The impeller assembly 220 includes an impeller cover 221 and an impeller, the impeller and the impeller cover 221 rotating together about an axis x. In this embodiment, the impeller and impeller cover 221 are integrally cast or machined (i.e., a shrouded impeller with a rotating impeller housing). The impeller includes a plurality of blades and/or a flow splitter that span between the impeller hub and the impeller cover. The impeller is connected to the left end of the rotation shaft 208 such that rotation of the rotation shaft 208 can drive rotation of the impeller and the impeller cover 221, thereby guiding the gas flowing into the impeller from the compressor inlet 102 to undergo the first stage compression through the impeller. In other embodiments, the impeller device may include a separate impeller cover (i.e., an open impeller with the impeller cover stationary). During the first stage of compression, the volume of gas is compressed such that the gas pressure increases and the gas can be guided by the impeller to move in a predetermined direction and be discharged to the subsequent part. In the present embodiment, the impeller includes a mixed flow impeller 222, and the mixed flow impeller 222 is fastened to the left end of the rotary shaft 208 by bolts 225 or other means. The mixed flow impeller 222 increases the flow kinetic energy and pressure through radial and axial movement of the flow. In some particular embodiments, gas enters the mixed flow impeller 222 axially from the compressor inlet 102, and the mixed flow impeller 222 directs the gas to exit diagonally to the axial direction. The mixed flow impeller 222 is capable of elevating the gas pressure more while guiding the gas flow in a more compact space than the centrifugal/radial flow impeller and the axial flow impeller. In some other embodiments, the impeller may also comprise a full centrifugal/radial flow impeller or an axial flow impeller. A more specific structure of the impeller device 220 will be described in detail with reference to fig. 3A and 3B.

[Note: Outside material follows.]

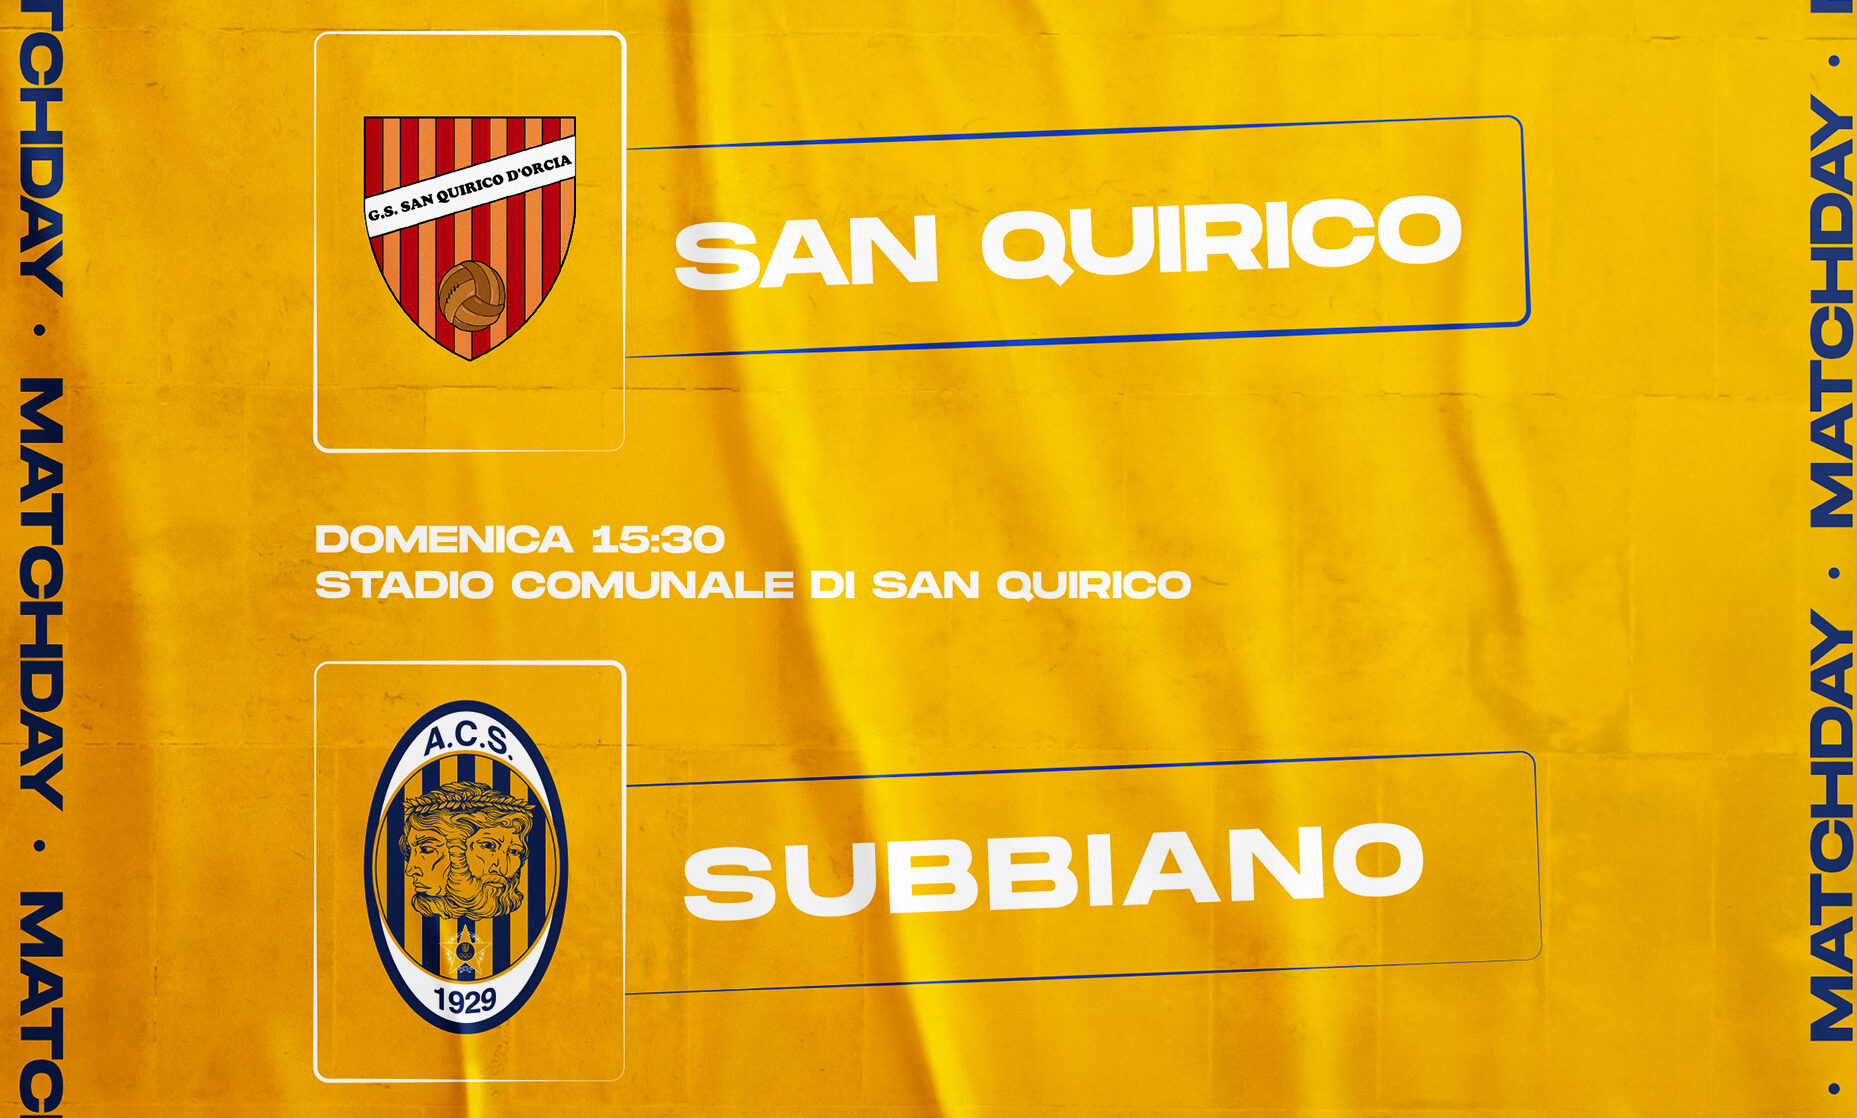 San Quirico vs Subbiano: 1 – 1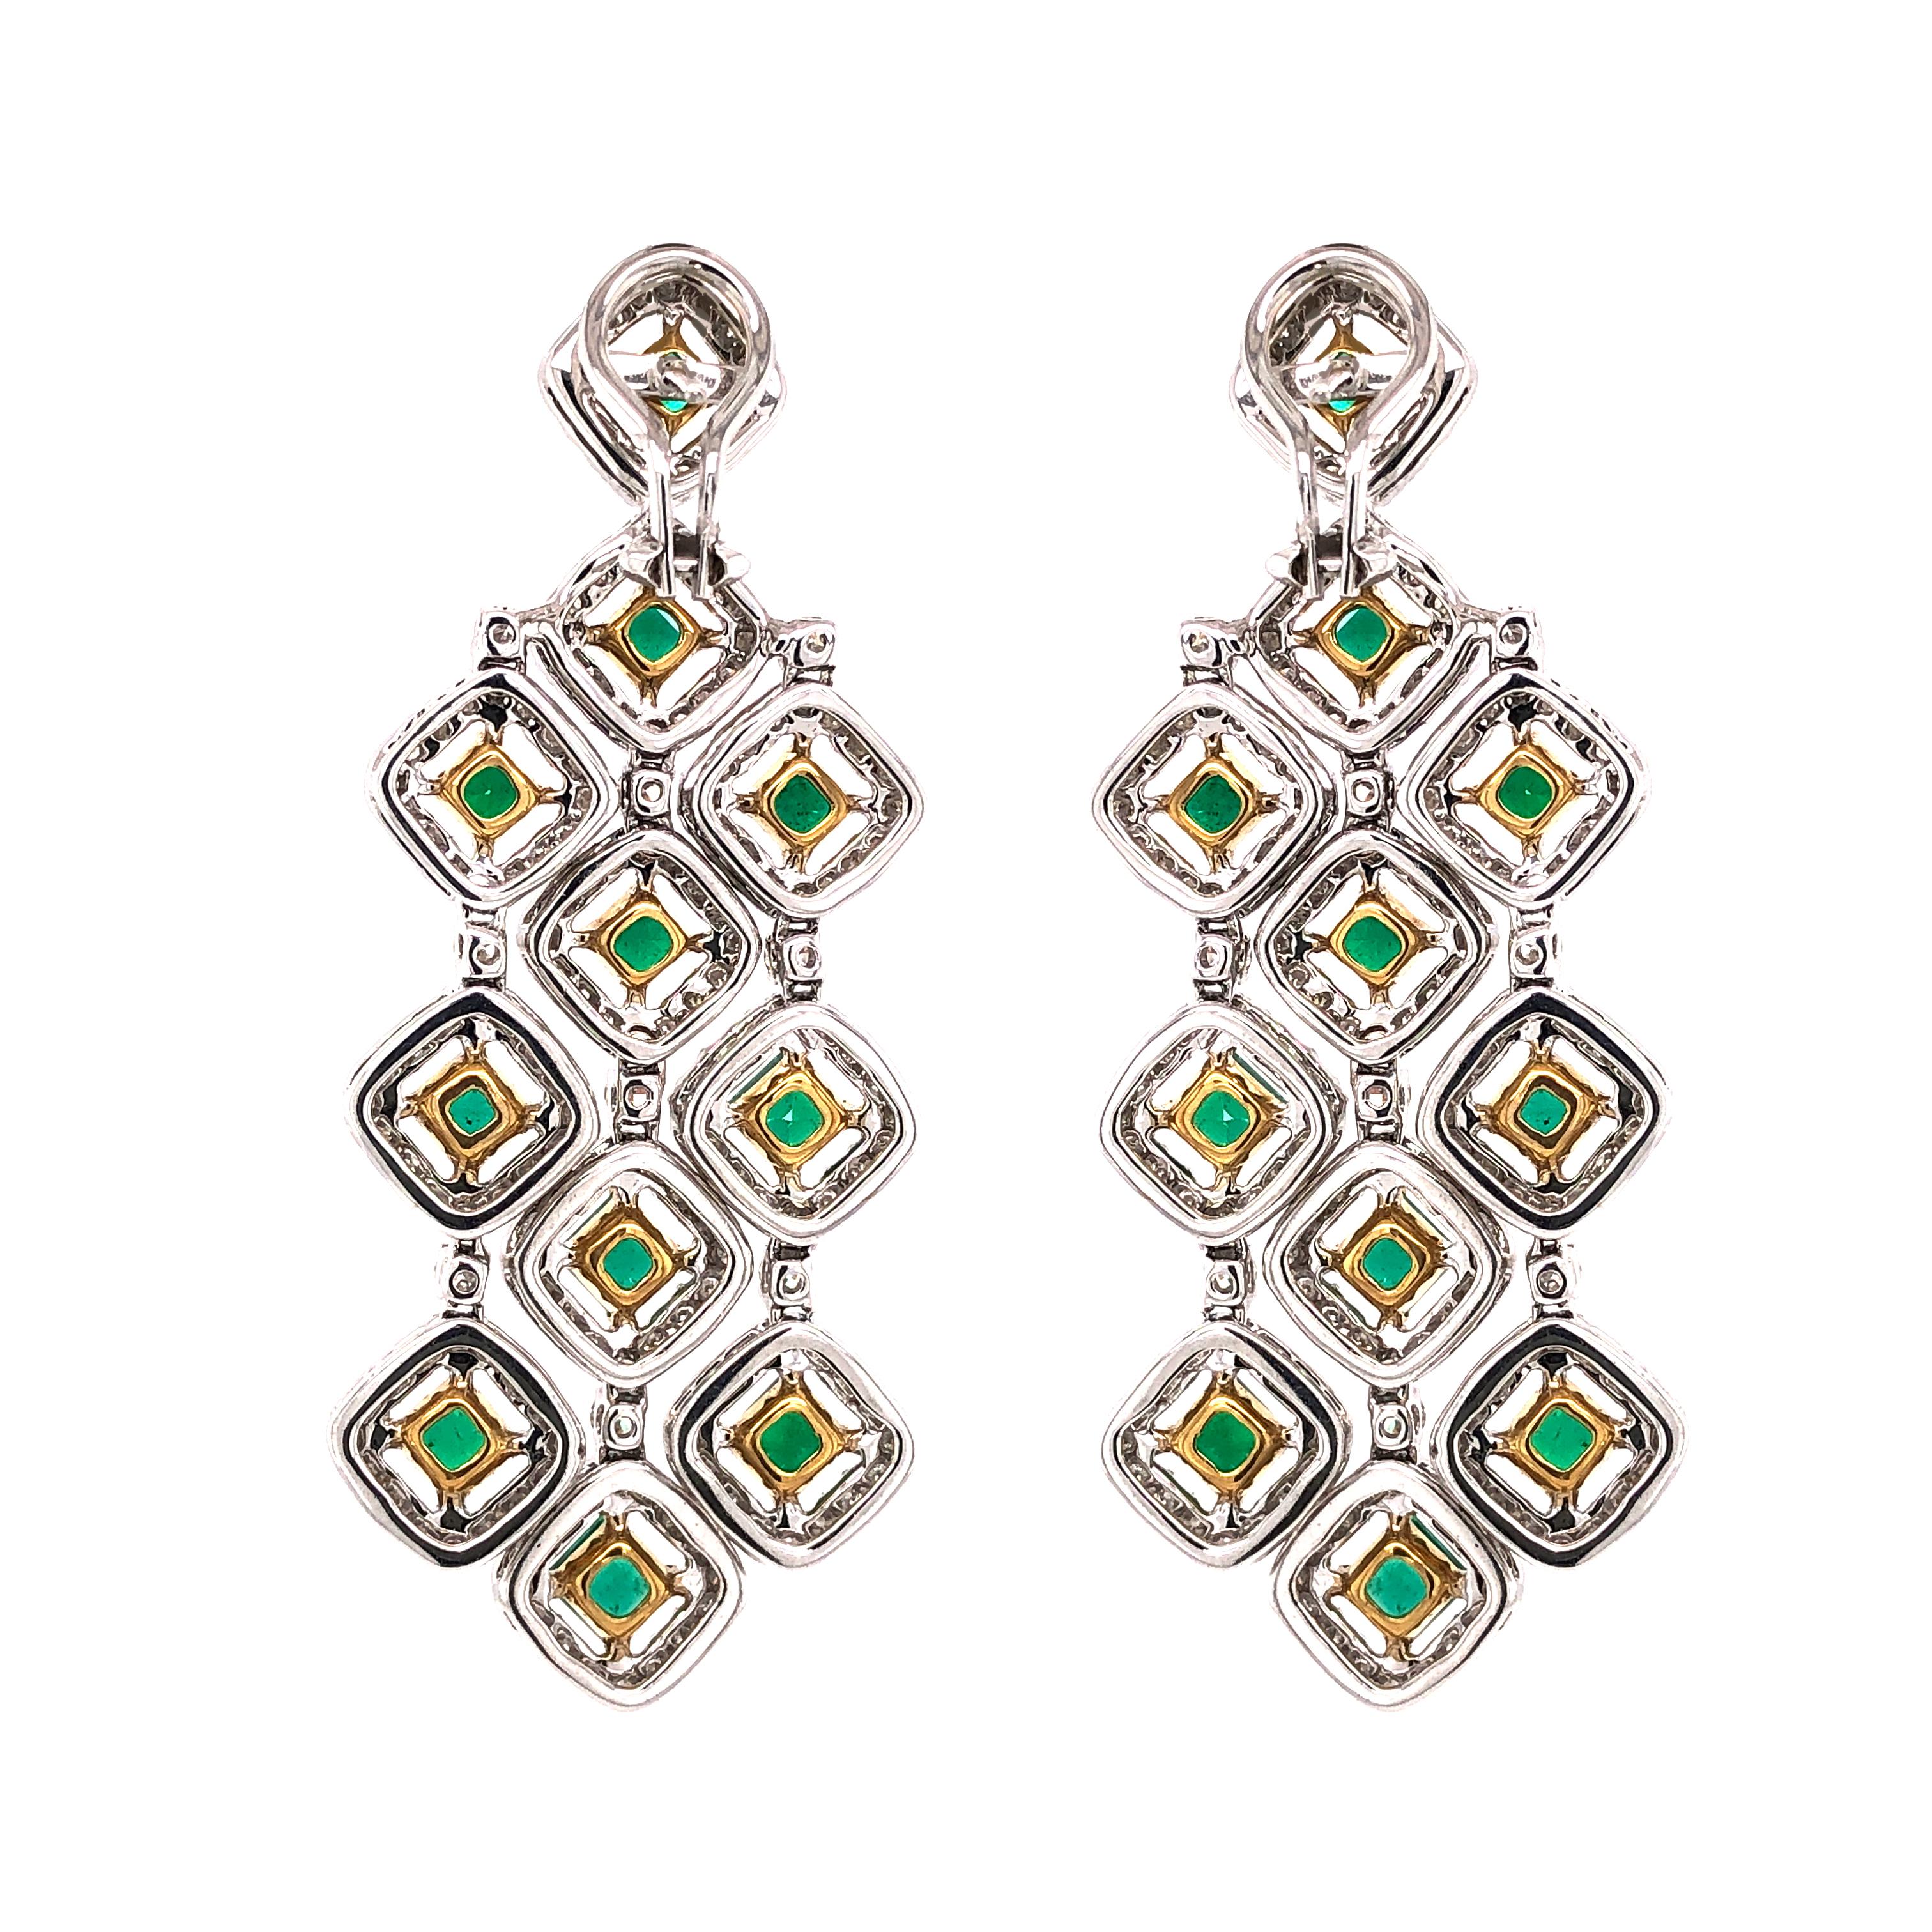 Princess Cut Zambian Square Cut Emeralds 7.11 Carat Chandelier 18k Gold Earrings For Sale

The compressor 100 also includes a diffuser 241 disposed within the housing 101. The diffuser 241 is disposed immediately adjacent to the impeller device 220 and downstream of the impeller device 220. And the diffuser 241 is disposed upstream of the drive motor 210. That is, the gas in the compressor 100 flows through the impeller device 220, then through the diffuser 241, and then through the driving motor 210. The diffuser 241 is capable of converting a portion of the kinetic energy of the gas flowing from the impeller device 220 into pressure energy to further raise the pressure of the gas. In the present embodiment, the diffuser 241 is configured to guide the gas discharged obliquely from the impeller device 220 to be discharged toward the driving motor 210 in the axial direction. And in this embodiment, the diffuser 241 is a vaneless diffuser. In other embodiments, the diffuser 241 may also be a vaned diffuser or a combination of vaneless and vaned diffusers. The diffuser 241 includes an annular flow passage 242 therein. In the direction of gas flow, the upstream portion (i.e., the left portion) of the annular flow passage 242 is aligned with the outlet end 326 (see fig. 3B) of the impeller device 220 so that the gas discharged from the impeller device 220 can directly enter the diffuser 241. The cross-sectional area of the downstream portion of the annular flow passage 242 becomes gradually larger so that the flow rate of the gas discharged from the annular flow passage 242 is gradually reduced, thereby increasing the pressure of the gas discharged from the downstream portion (i.e., right side portion) of the annular flow passage 242 toward the driving motor while avoiding flow separation.

In the present embodiment, the diffuser 241 is fixedly connected to the housing 101 such that rotation of the rotation shaft 208 does not affect the diffuser 241, and the diffuser 241 does not rotate following rotation of the rotation shaft 208. The compressor 100 further includes a bearing 251, the bearing 251 being mounted between the rotation shaft 208 and the diffuser 241 to support rotation of the rotation shaft 208 along the axis x by the diffuser 241, and a more specific structure of the diffuser 241 will be described in detail with reference to fig. 4A and 4B.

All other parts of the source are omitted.